The article underscores the critical role of the banking system in shaping global economies while exposing its inherent flaws and consequences. Tracing its evolution from ancient moneylending practices to the modern banking industry, the piece highlights how capitalism and profit-driven motives have transformed banking into a system that often prioritizes wealth accumulation over societal well-being. Practices like fractional reserve banking, the money multiplier effect, and fiat money have led to systemic vulnerabilities, such as bank runs and inflation, causing economic instability and exploitation of the working class. Historical instances, such as the abolition of the gold standard and the 2023 Silicon Valley Bank collapse, illustrate the far-reaching impact of these systemic flaws. The article concludes by advocating for a reevaluation of banking practices, emphasizing the need for transparency, sustainability, and fairness, particularly under ethical frameworks like Sharia law.

FAQs:

  1. What is the money multiplier effect in banking?

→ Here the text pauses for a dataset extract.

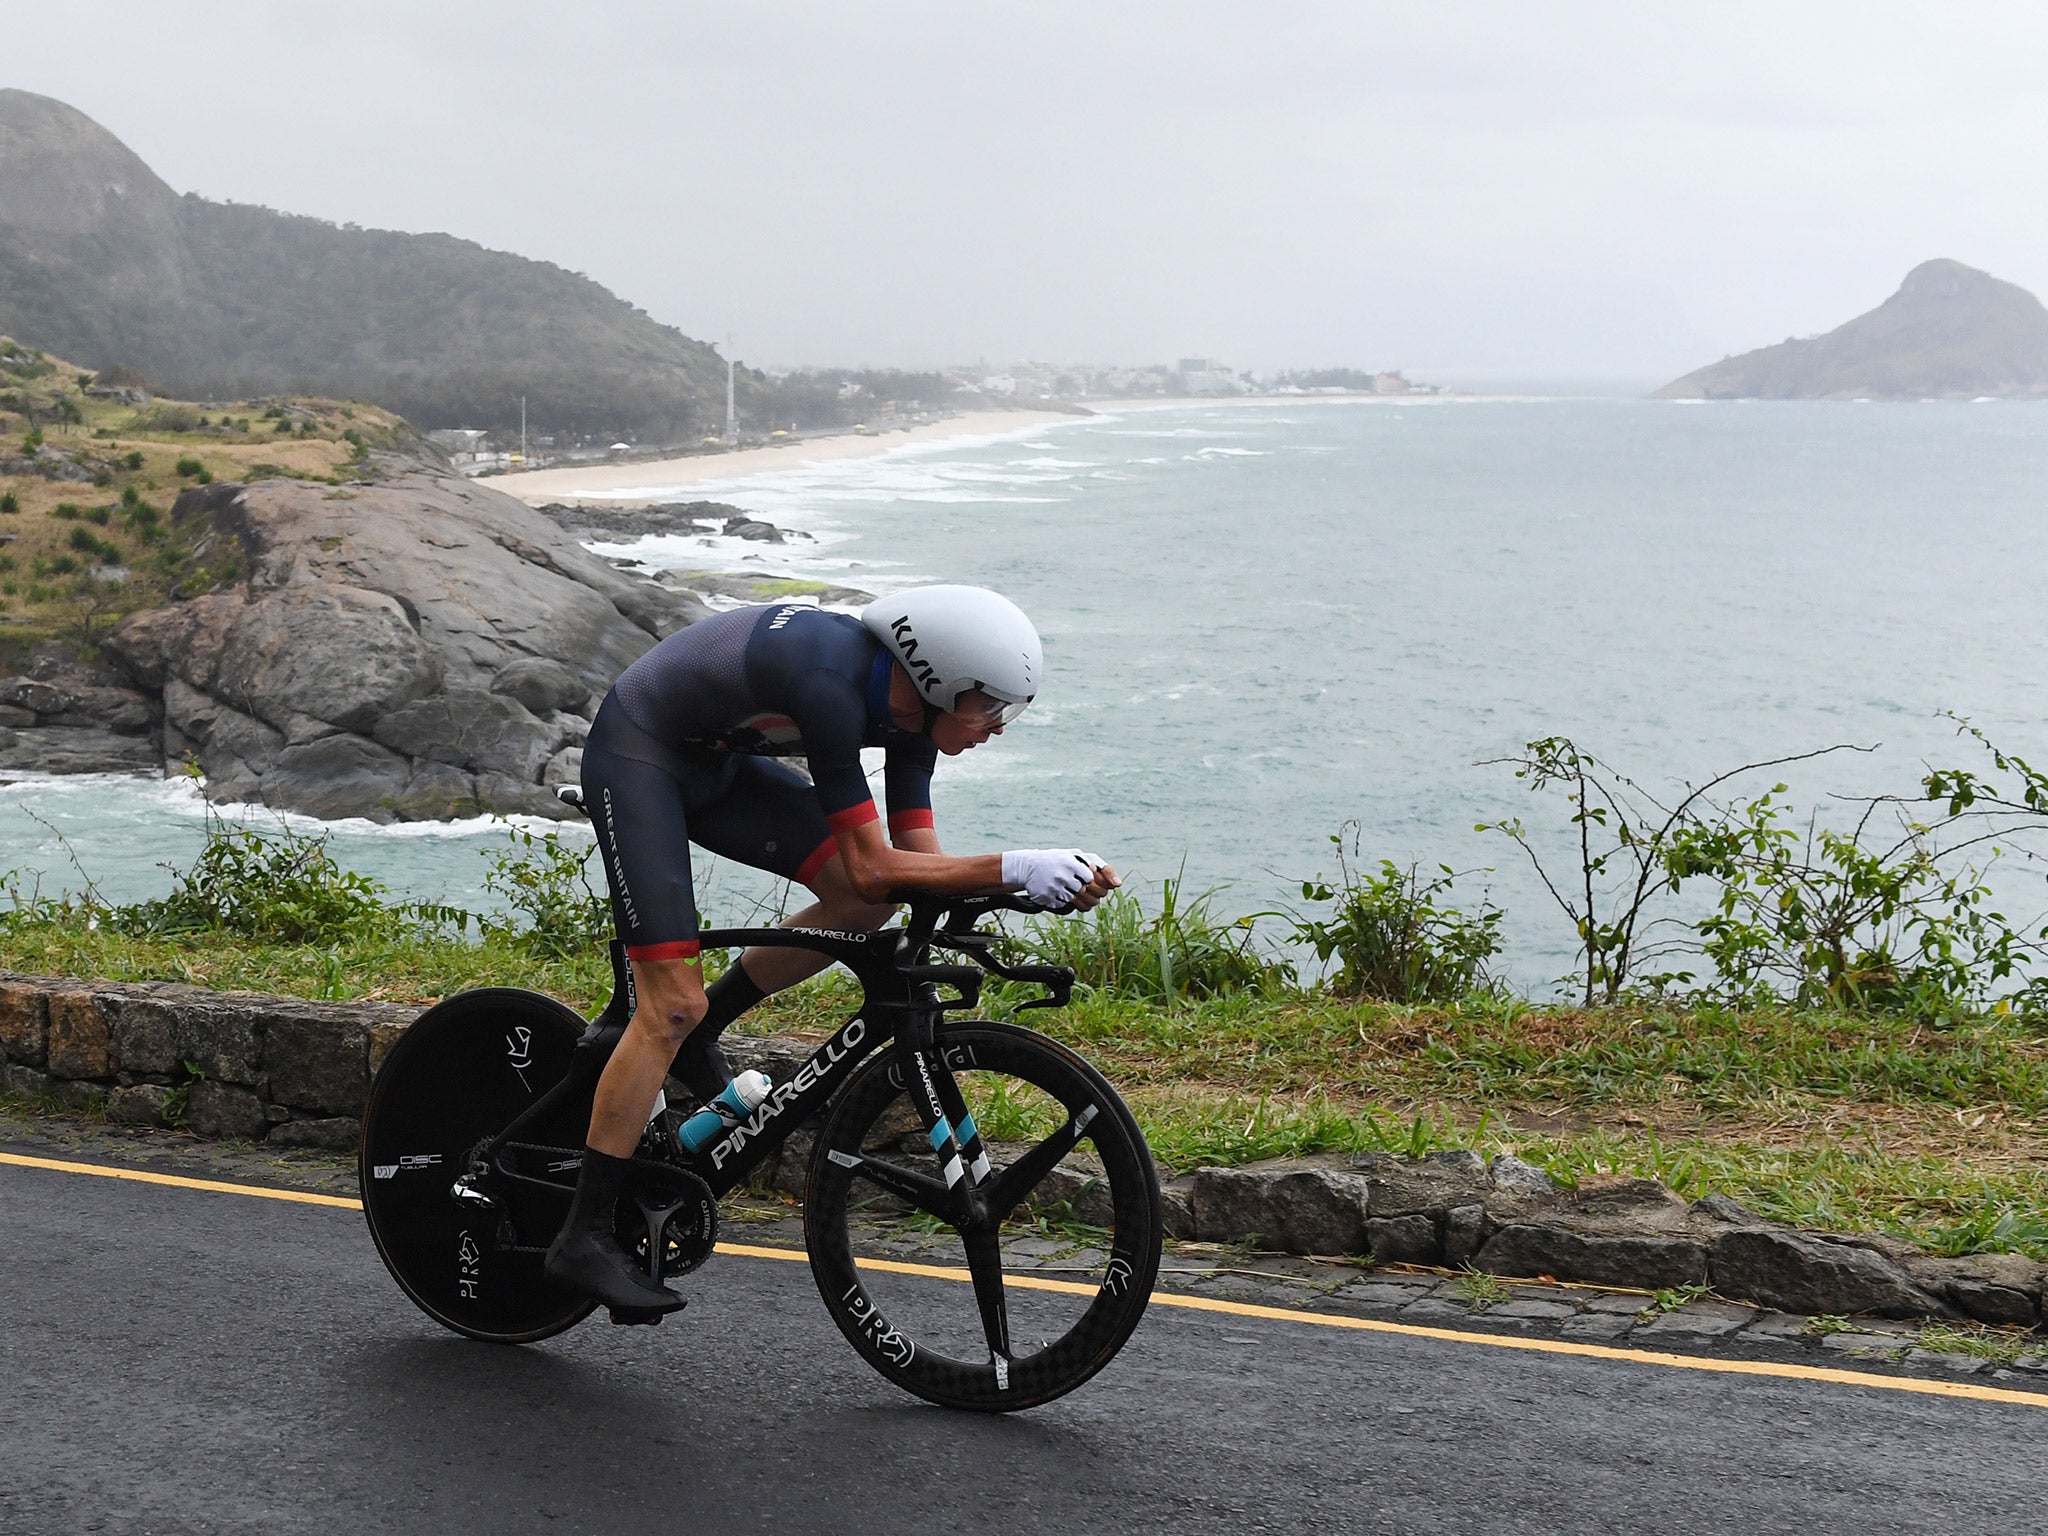 Chris Froome won bronze in the men's time trial for the second consecutive Olympics

The money multiplier effect describes how banks lend out a fraction of deposits to create additional credit, making it appear that more money exists in the economy than is physically present. This practice can lead to systemic risks, such as bank runs.

  • Why is the modern banking system criticized in this article?

The article critiques the modern banking system for prioritizing profit over public welfare, relying on risky practices like fractional reserve banking, and creating economic vulnerabilities such as inflation and financial crises.

  • What happened during the collapse of Silicon Valley Bank in 2023?

Silicon Valley Bank faced a bank run when news of its need to raise capital spread, leading to mass withdrawals totaling billions of dollars in a single day. This highlighted the fragility of the banking system when public trust erodes.

  • How does fiat money differ from the gold standard?

Fiat money is a currency without intrinsic value, backed only by government decree, unlike the gold standard, where the currency is backed by tangible reserves of gold. The shift to fiat money has contributed to inflation and economic instability.

  • What alternatives to the current banking system are suggested?

The article suggests exploring ethical and interest-free banking systems, such as those based on Sharia principles, which emphasize fairness, shared risk, and avoidance of exploitative practices like interest.